New Prehistories of Conservative Constitutional Originalism

AHA Session 256
Sunday, January 11, 2026: 9:00 AM-10:30 AM
Boulevard A (Hilton Chicago, Second Floor)
Chair:
Joanna Grisinger, Northwestern University
Comment:
Joanna Grisinger, Northwestern University

Session Abstract

Over the past 40 years, the philosophy of constitutional originalism has remade American law and remained front and center in American politics. From Attorney General Edwin Meese’s famous 1985 speech announcing a “jurisprudence of original intention” to guide the Reagan Department of Justice to the present, claims to originalist constitutional authority have been a constant of the conservative legal movement even if the application of that jurisprudence has not been. While a growing list of scholars has begun to analyze originalism’s complex political history, much of the history of originalism has still been written by originalists. It has been repeated to become its own “founding myth” to pair with the sacralized Founding of the US Constitution at the heart of American civil religion and popular originalist politics. This panel presents groundbreaking research into the origins and contingent development of constitutional originalism to augment the growing body of critical scholarship that challenges originalists’ self- narratives. These prehistories (or new early histories) of constitutional originalism each challenge particular elements of this dominant self-narrative.

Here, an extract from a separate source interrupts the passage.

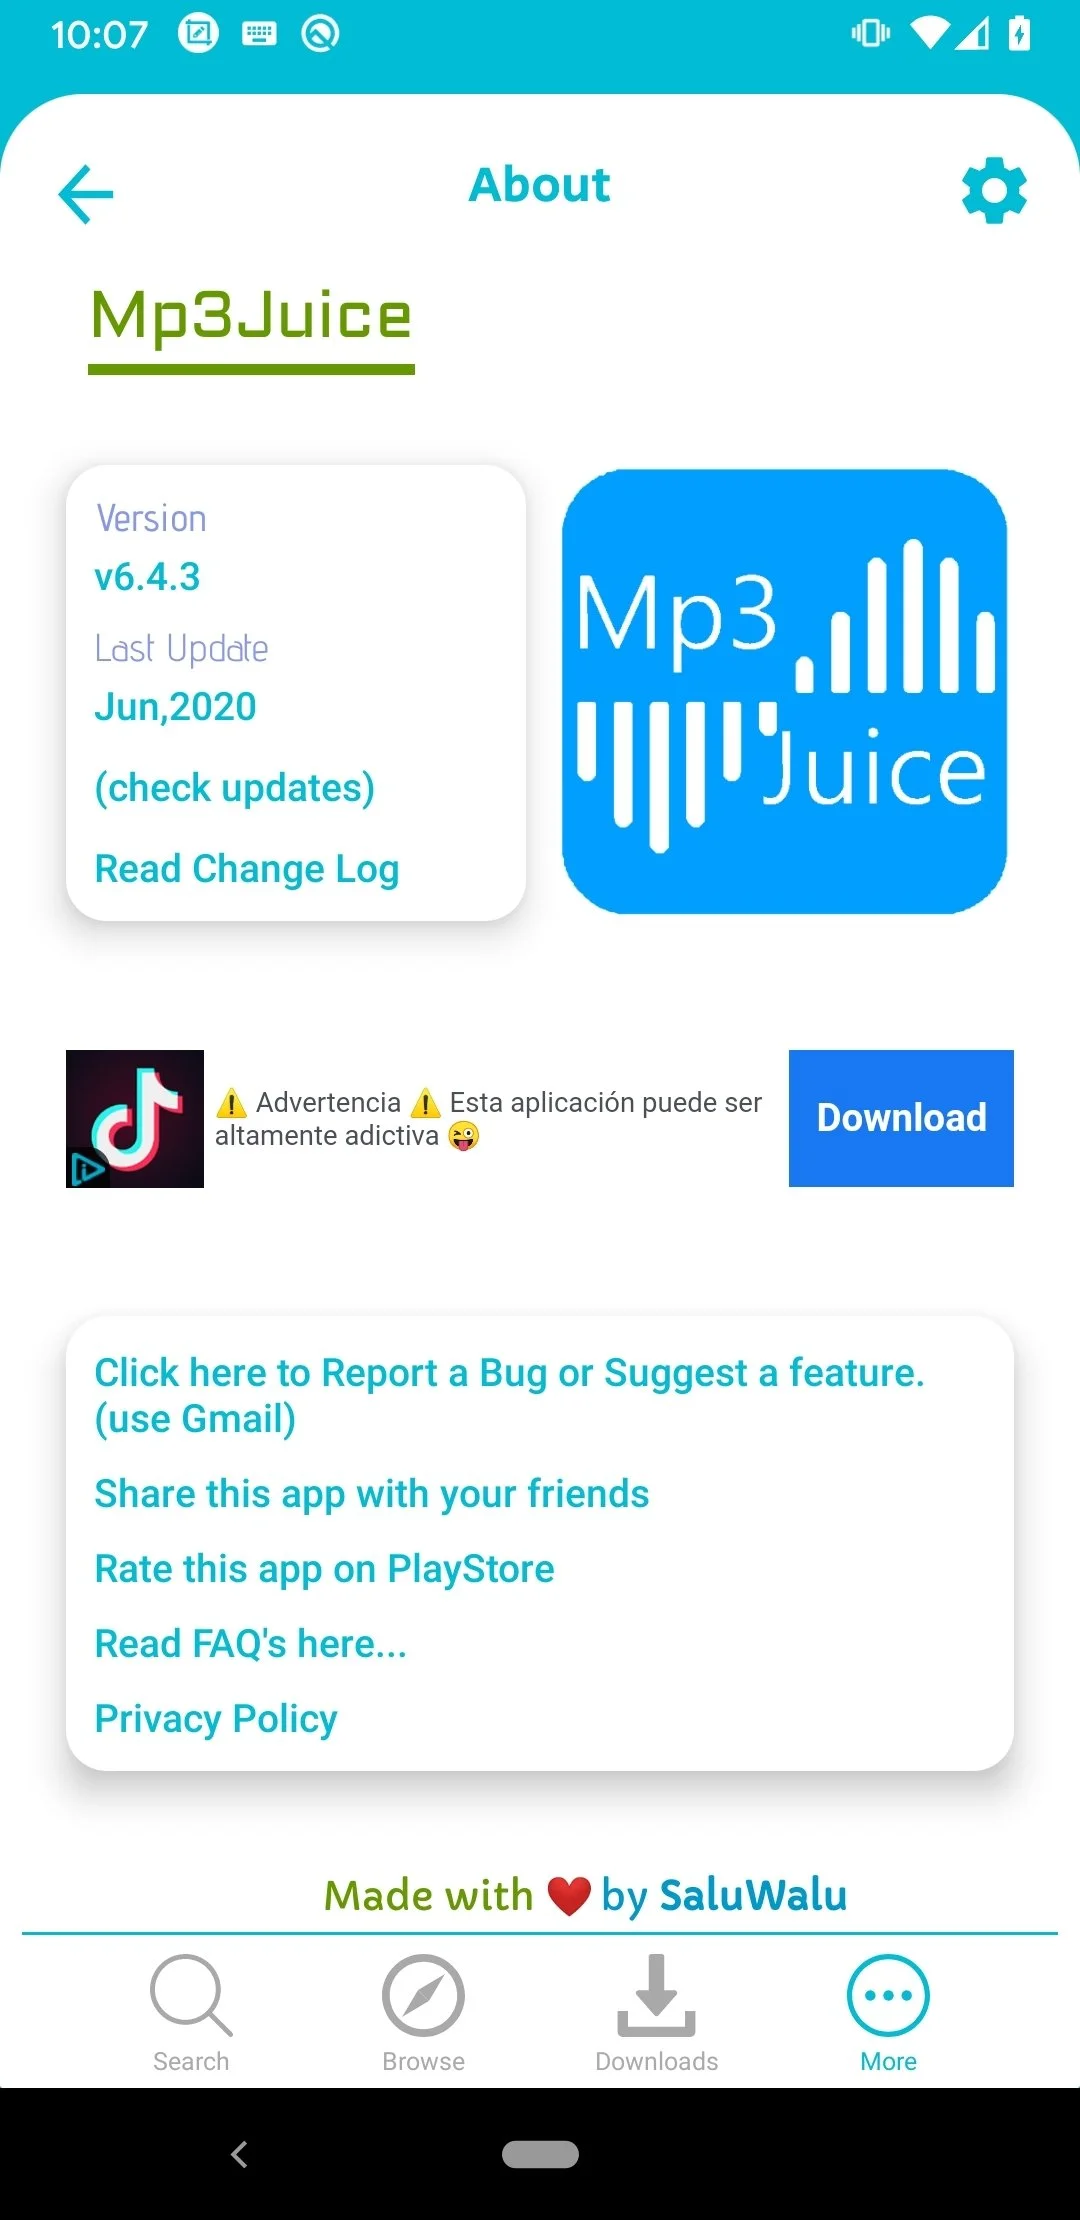 mp3juice 28387 2 - MP3 Juice Downloader Mod Apk v11.4.10 (Unlocked) Latest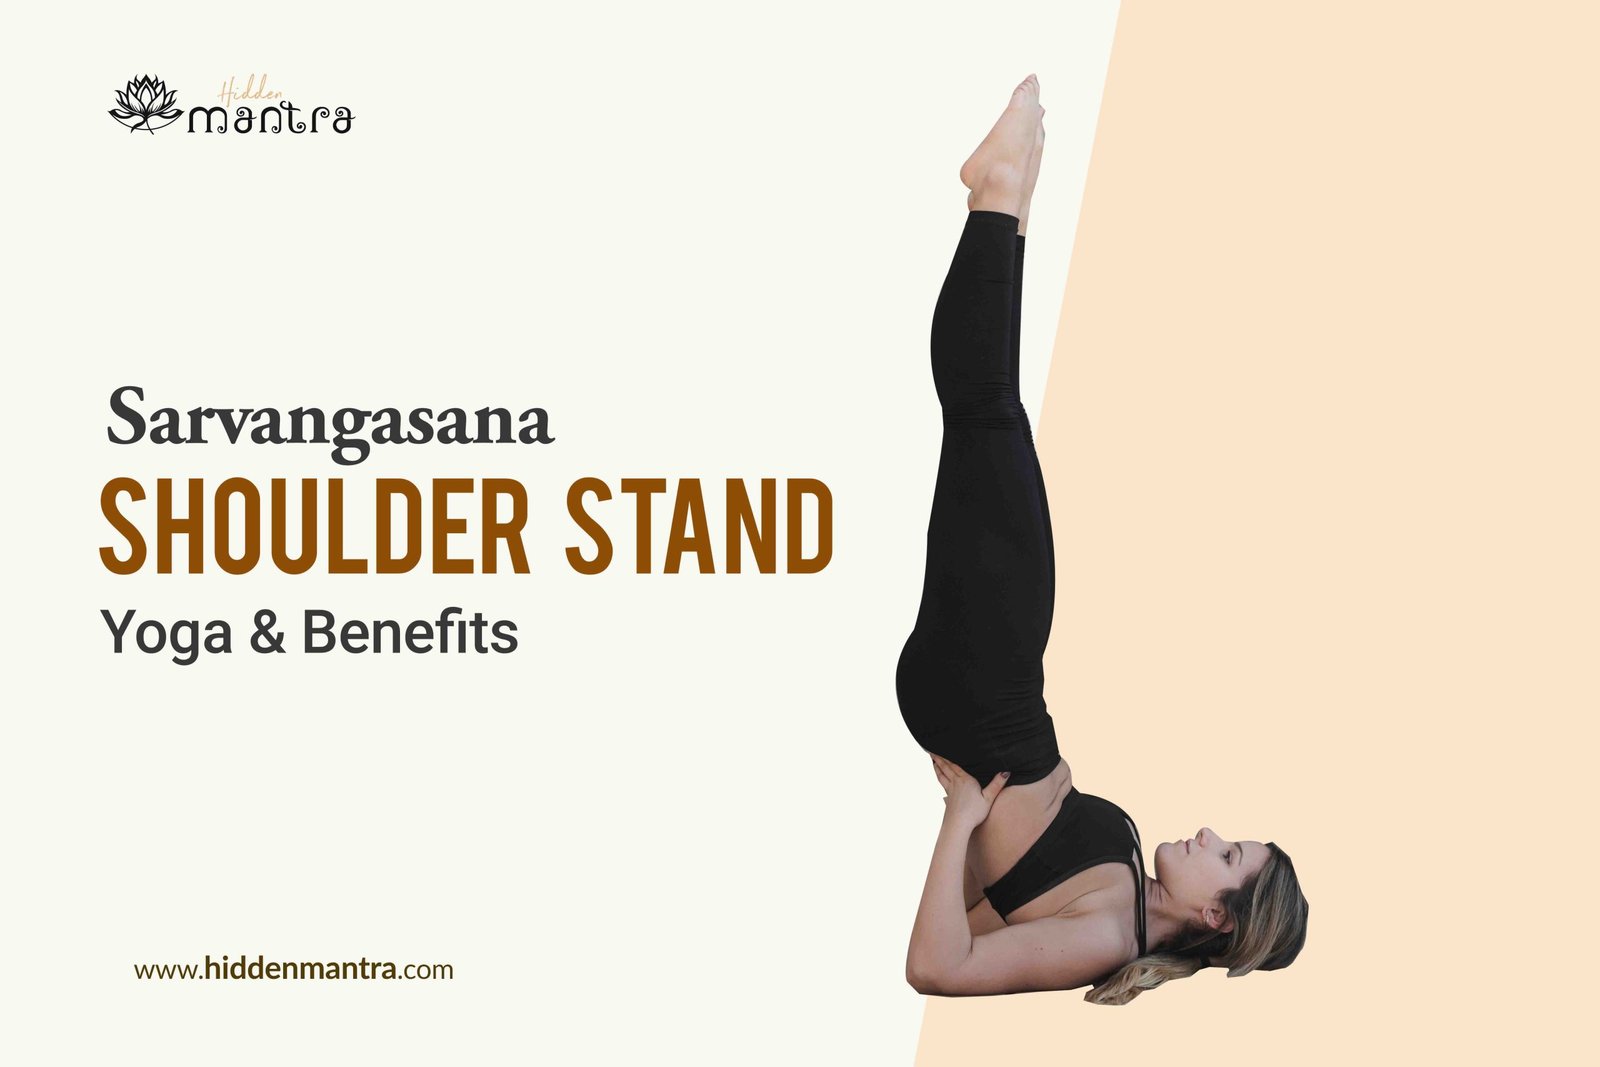 Trikonasana | Triangle Pose Steps) | Benefits | Precautions -7pranayama |  Face yoga facial exercises, How to do yoga, Yoga videos for beginners

Austin Steelman’s paper examines an originalist article in the Harvard Law Review in 1900. Its author, Arthur Machen Jr., a surprisingly sophisticated originalist before the theory had been named, engaged in a series of battles in constitutional politics that put his originalism into action. The first was challenging the validity of the Fifteenth Amendment and Black suffrage; the second was leading opposition to the Eighteenth Amendment and Prohibition; and the third was a fight against monetary elements of Franklin Roosevelt’s New Deal. This paper challenges the standard chronology of the emergence of constitutional originalism and shows the radical conservative political preferences embedded in the theory from its earliest days. Josh Aiken’s paper challenges originalist claims to interpretive fixity with respect to the Second Amendment and gun rights. From the 1970s through the early 2000s, conservative law-and-order politicians emphasized not just an individual constitutional right to bear arms but simultaneously a racialized legal regime that could disarm those deemed “armed and dangerous.” This “firearms carceralism” created a complex web of laws and interpretations that hid the racial injustice at the root of this bifurcated application of the Second Amendment. Logan Sawyer’s paper challenges the provenance of Robert Bork’s influential originalist article Neutral Principles and Some First Amendment Problems. The article, this paper explains, was not a sui generis moment of conservative genius. Rather, it fit into a growing interest in historicism within the legal academy that included liberal and leftist scholars. The article’s success and rise to legitimacy in the legal academy was thus due to broader trends in the philosophy of legal thought rather than its unique provocation. Finally, Robert Gelles’s paper presents a new history of “history” in constitutional originalism. While contemporary originalism claims its legitimacy based on its historical interpretations, this paper uncovers a different “grammatical” mode of textualist originalism that dominated the jurisprudence’s early years. Instead, originalists developed this reliance on history in response to their critics rather than at the movement’s conception.